→ **Data for this task**
★ ★ ★
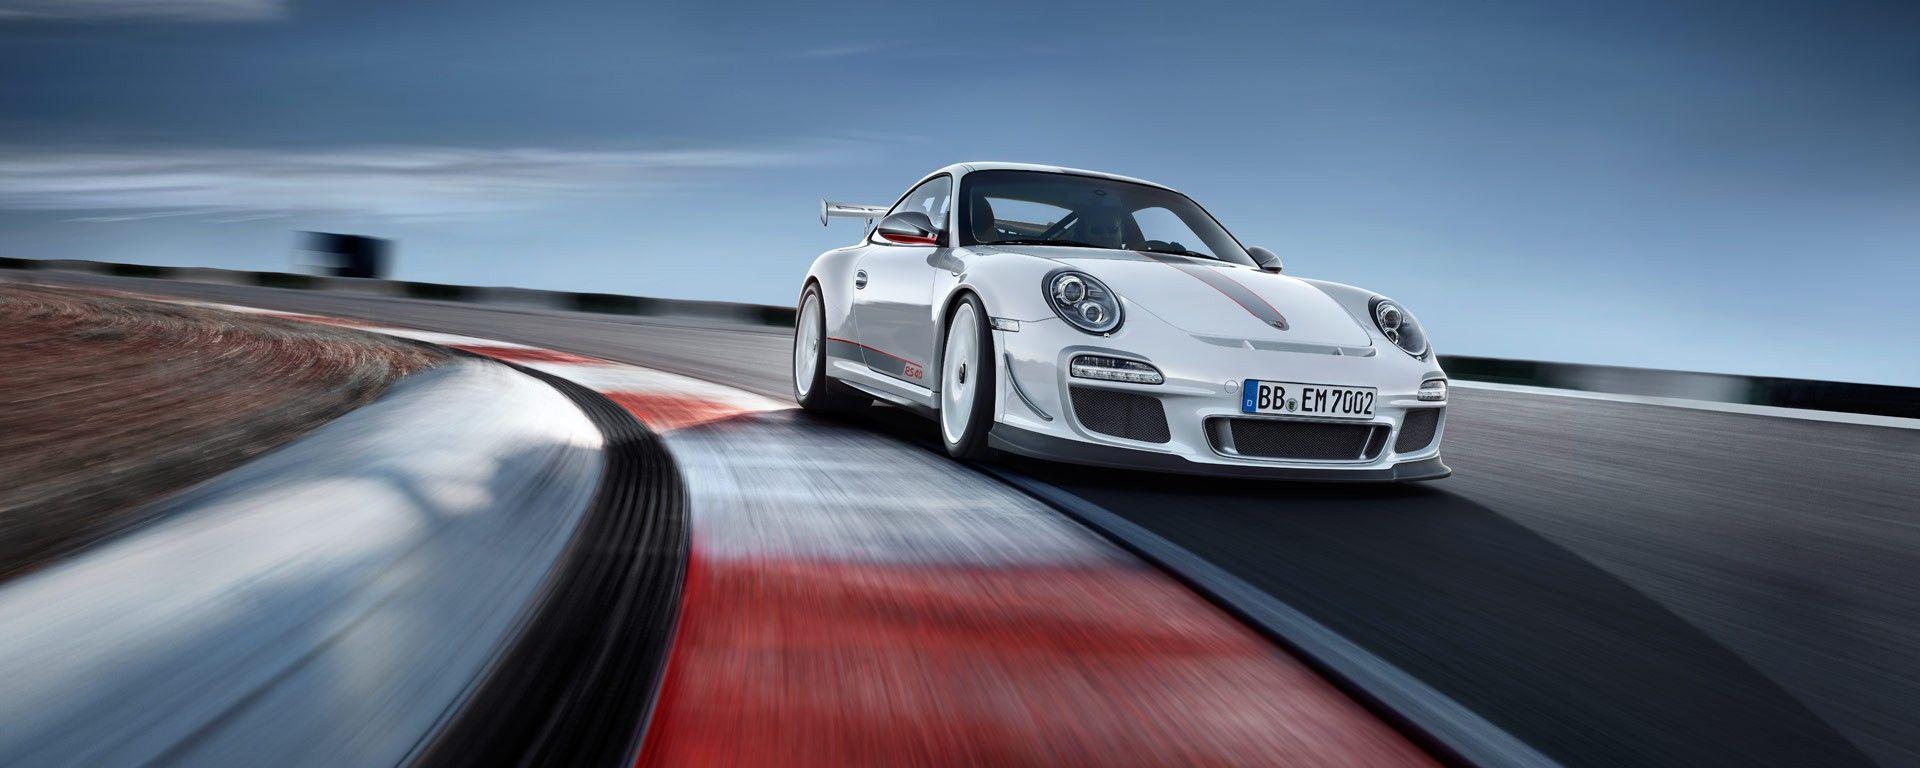 Porsche 911 GT3 RS 4.0, le nuove foto
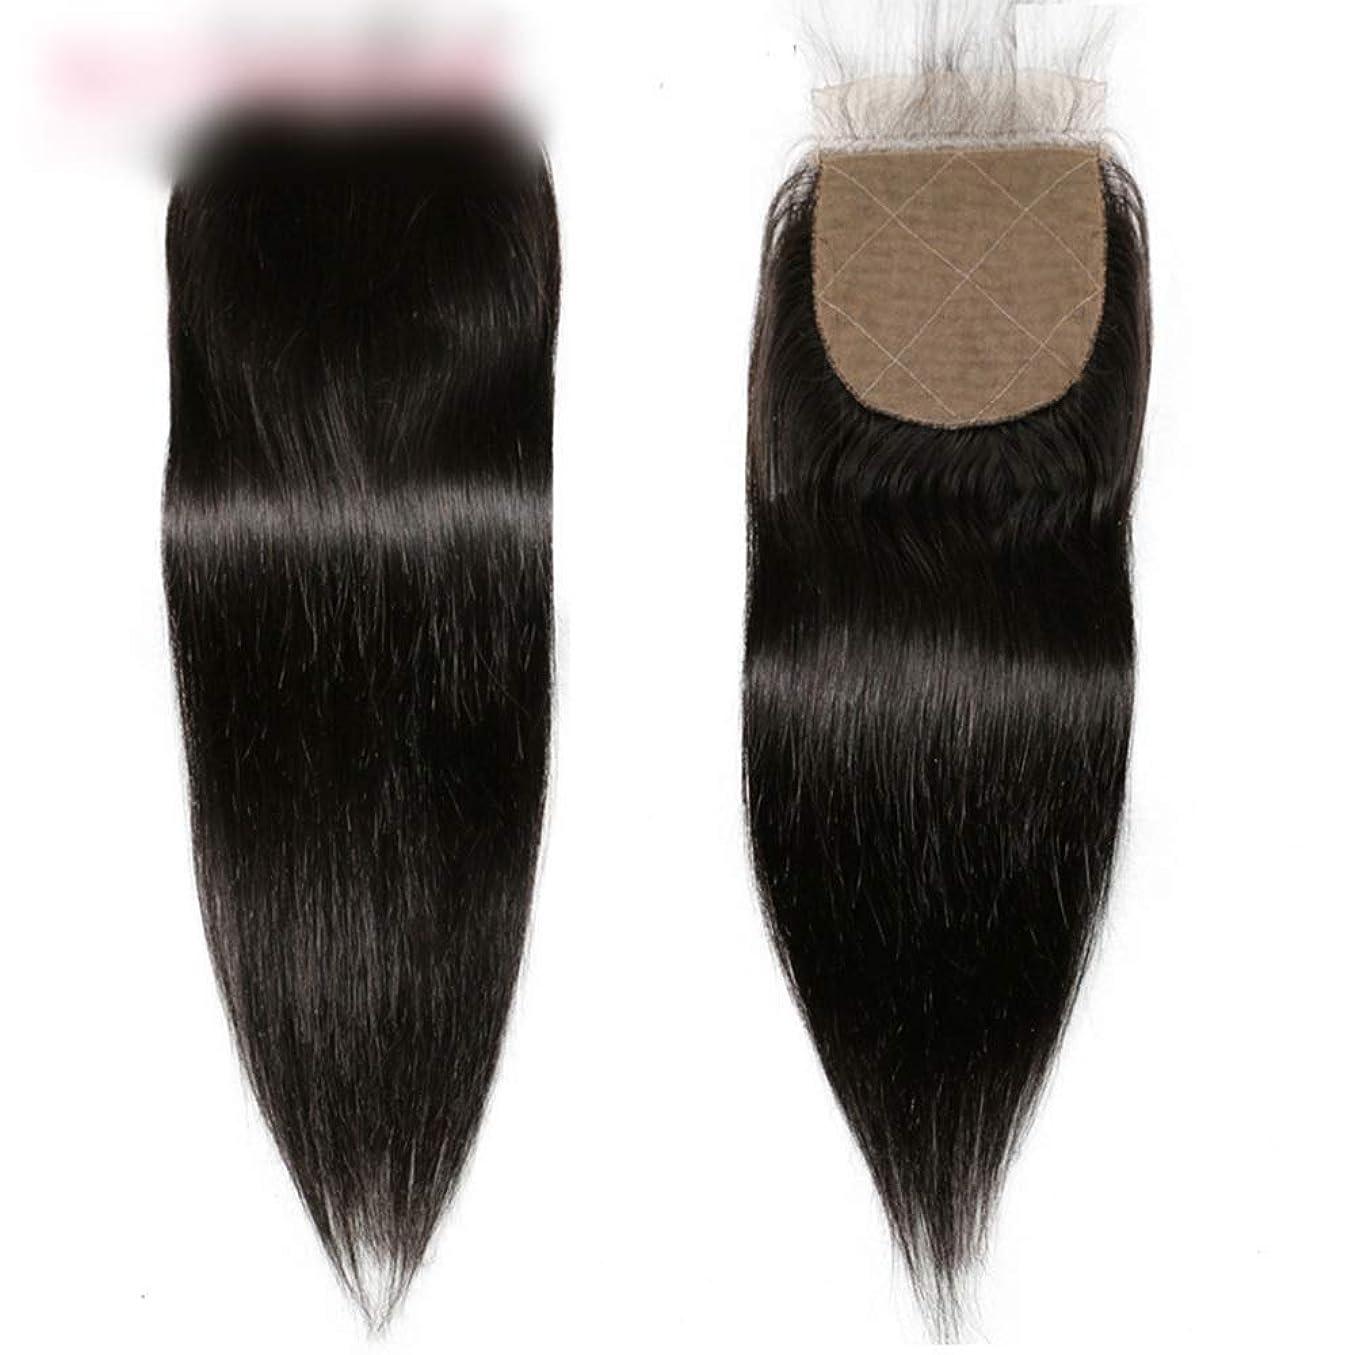 実り多い植生なぜならHOHYLLYA ブラジルのストレートの髪の束と閉鎖未処理の人間の髪の毛のレースの閉鎖ナチュラルカラーの髪の合成毛髪のレースのかつらロールプレイングウィッグロングとショートの女性自然 (色 : 黒, サイズ : 20 inch)
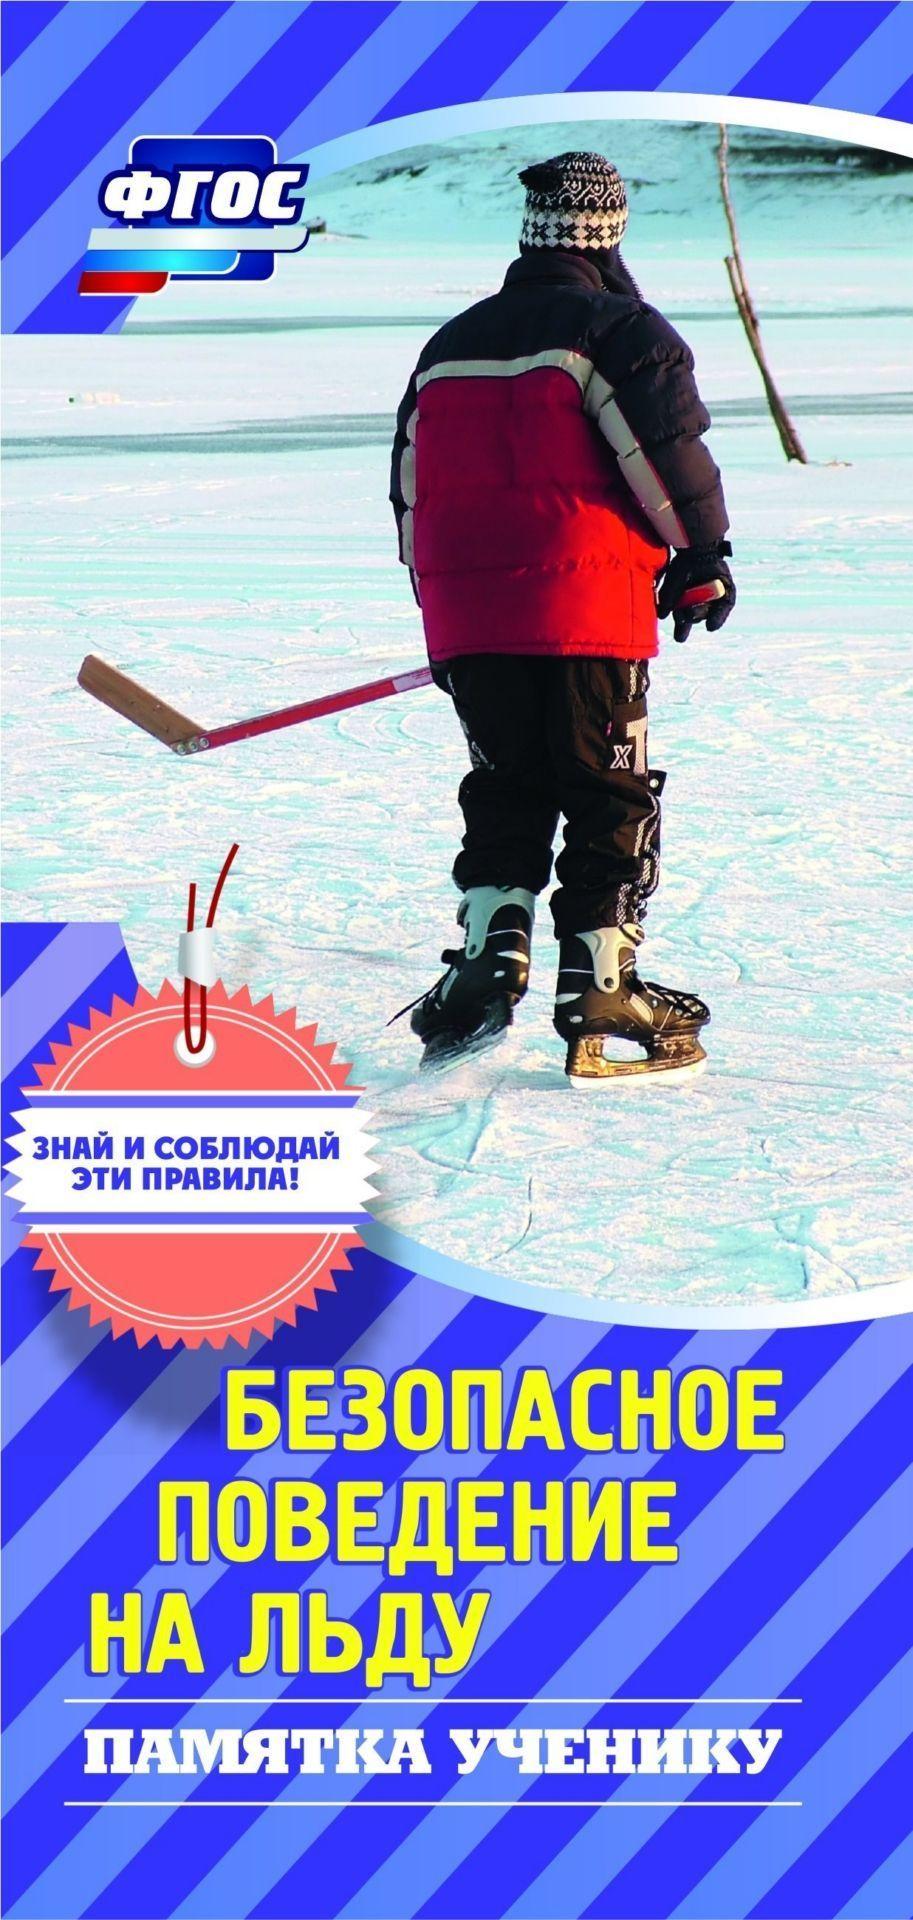 Памятка ученику по безопасному поведению на льду
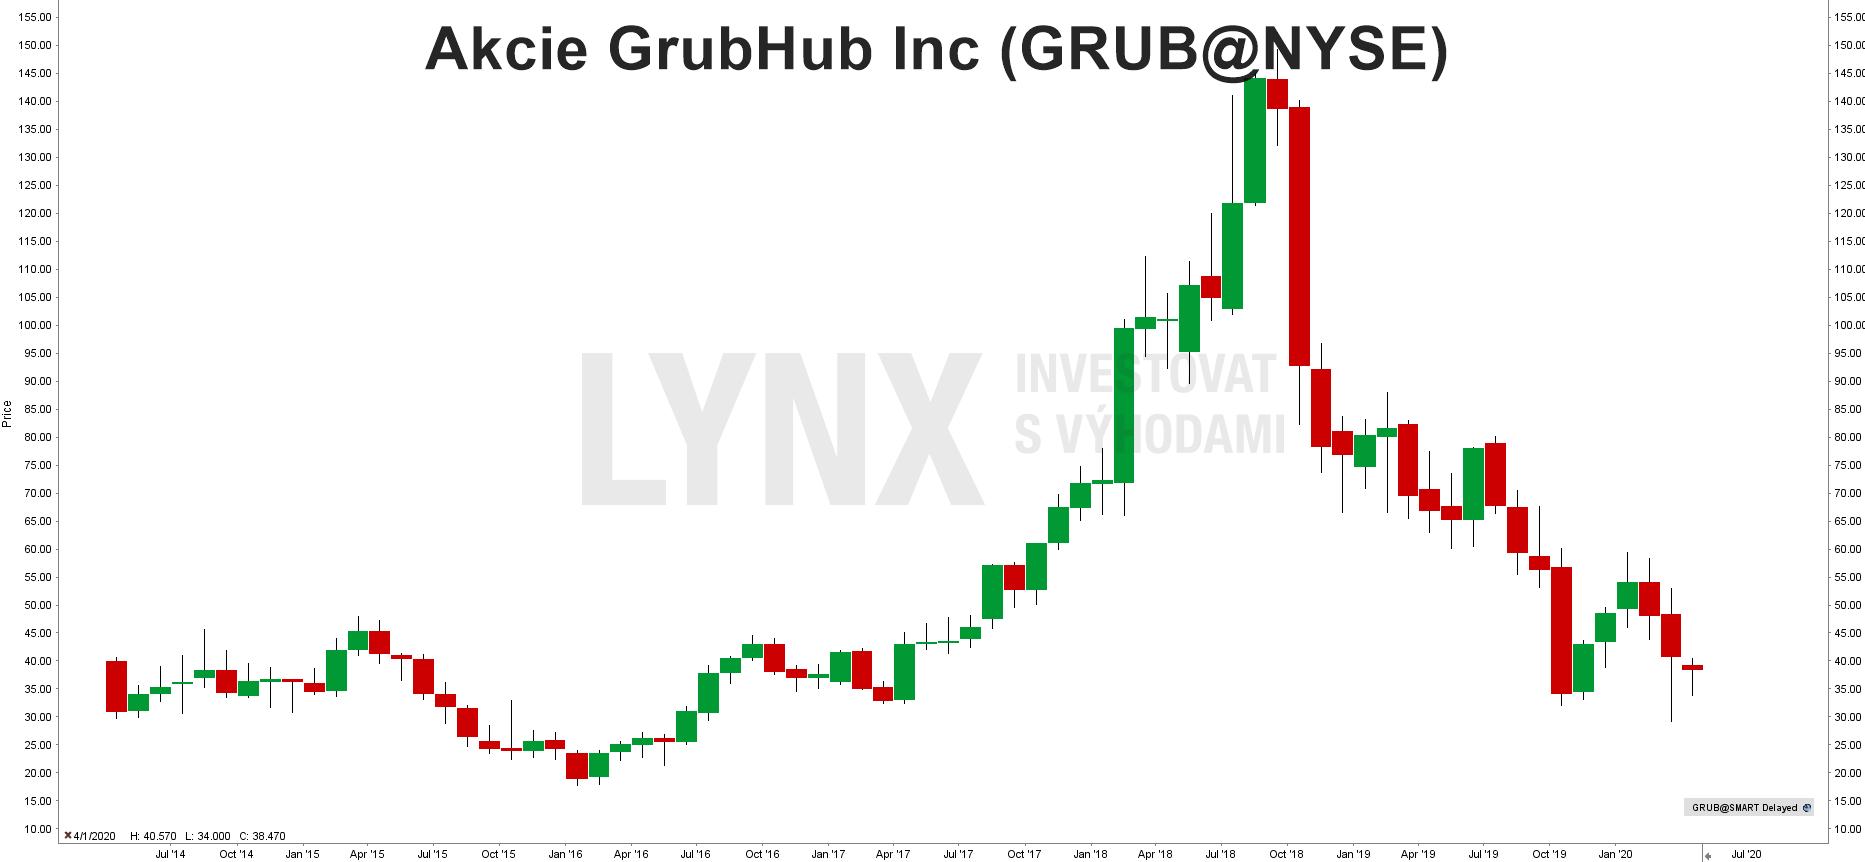 Graf akcie GrubHub
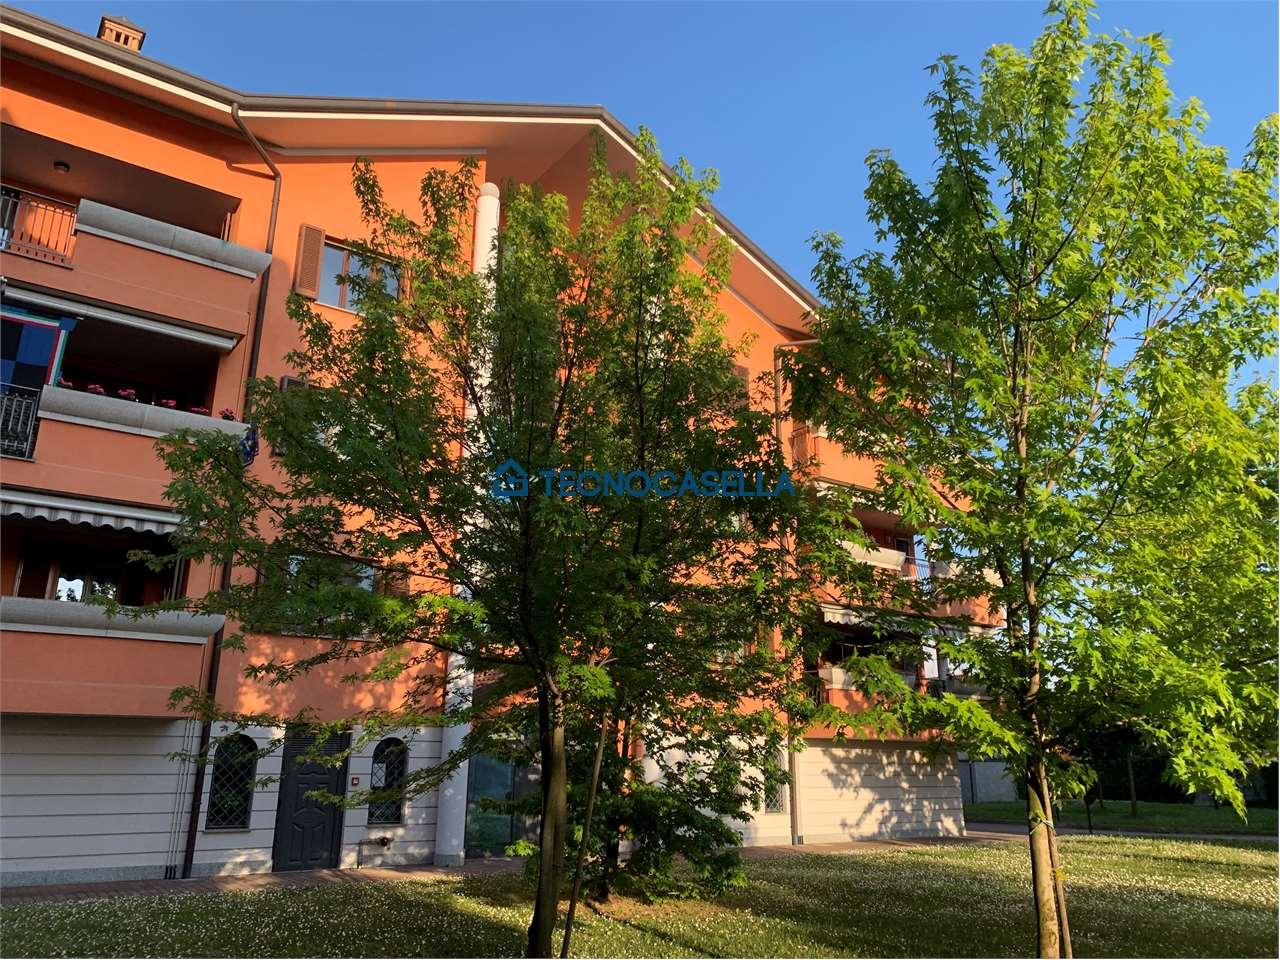 Attico / Mansarda in vendita a Arluno, 2 locali, prezzo € 185.000 | PortaleAgenzieImmobiliari.it
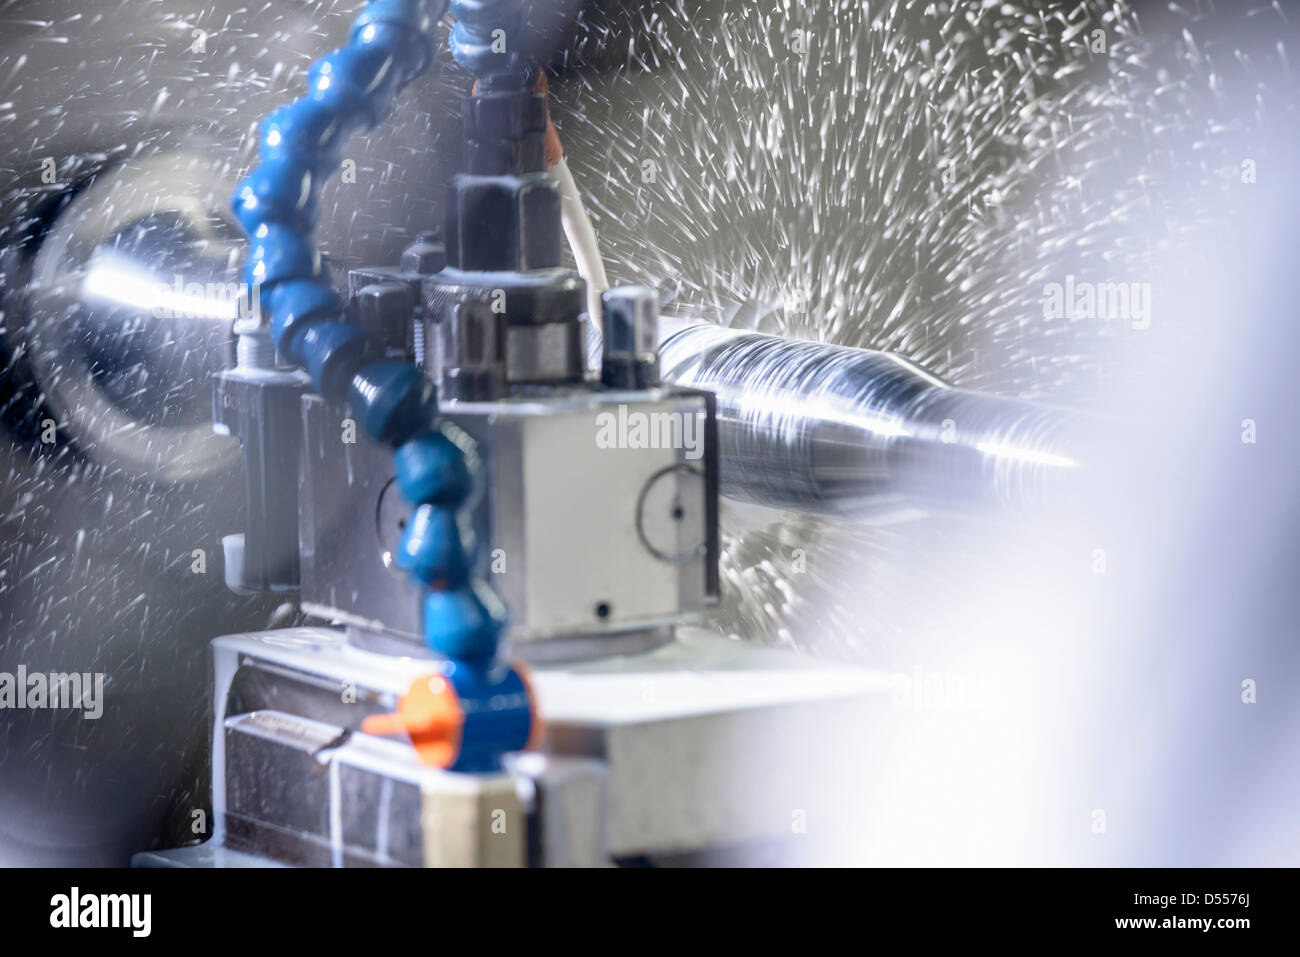 La spruzzatura di acqua su macchinari in fabbrica Immagini Stock
★ ★ ★
→ **Exercise instructions**
No picture is to appear in the copy; every entry above is otherwise to be printed verbatim.

→ **Task answer**
 Porsche 911 GT3 RS 4.0, le nuove foto
 実り多い植生なぜならHOHYLLYA ブラジルのストレートの髪の束と閉鎖未処理の人間の髪の毛のレースの閉鎖ナチュラルカラーの髪の合成毛髪のレースのかつらロールプレイングウィッグロングとショートの女性自然 (色 : 黒, サイズ : 20 inch)
 Памятка ученику по безопасному поведению на льду
 Graf akcie GrubHub
 Attico / Mansarda in vendita a Arluno, 2 locali, prezzo € 185.000 | PortaleAgenzieImmobiliari.it
 La spruzzatura di acqua su macchinari in fabbrica Immagini Stock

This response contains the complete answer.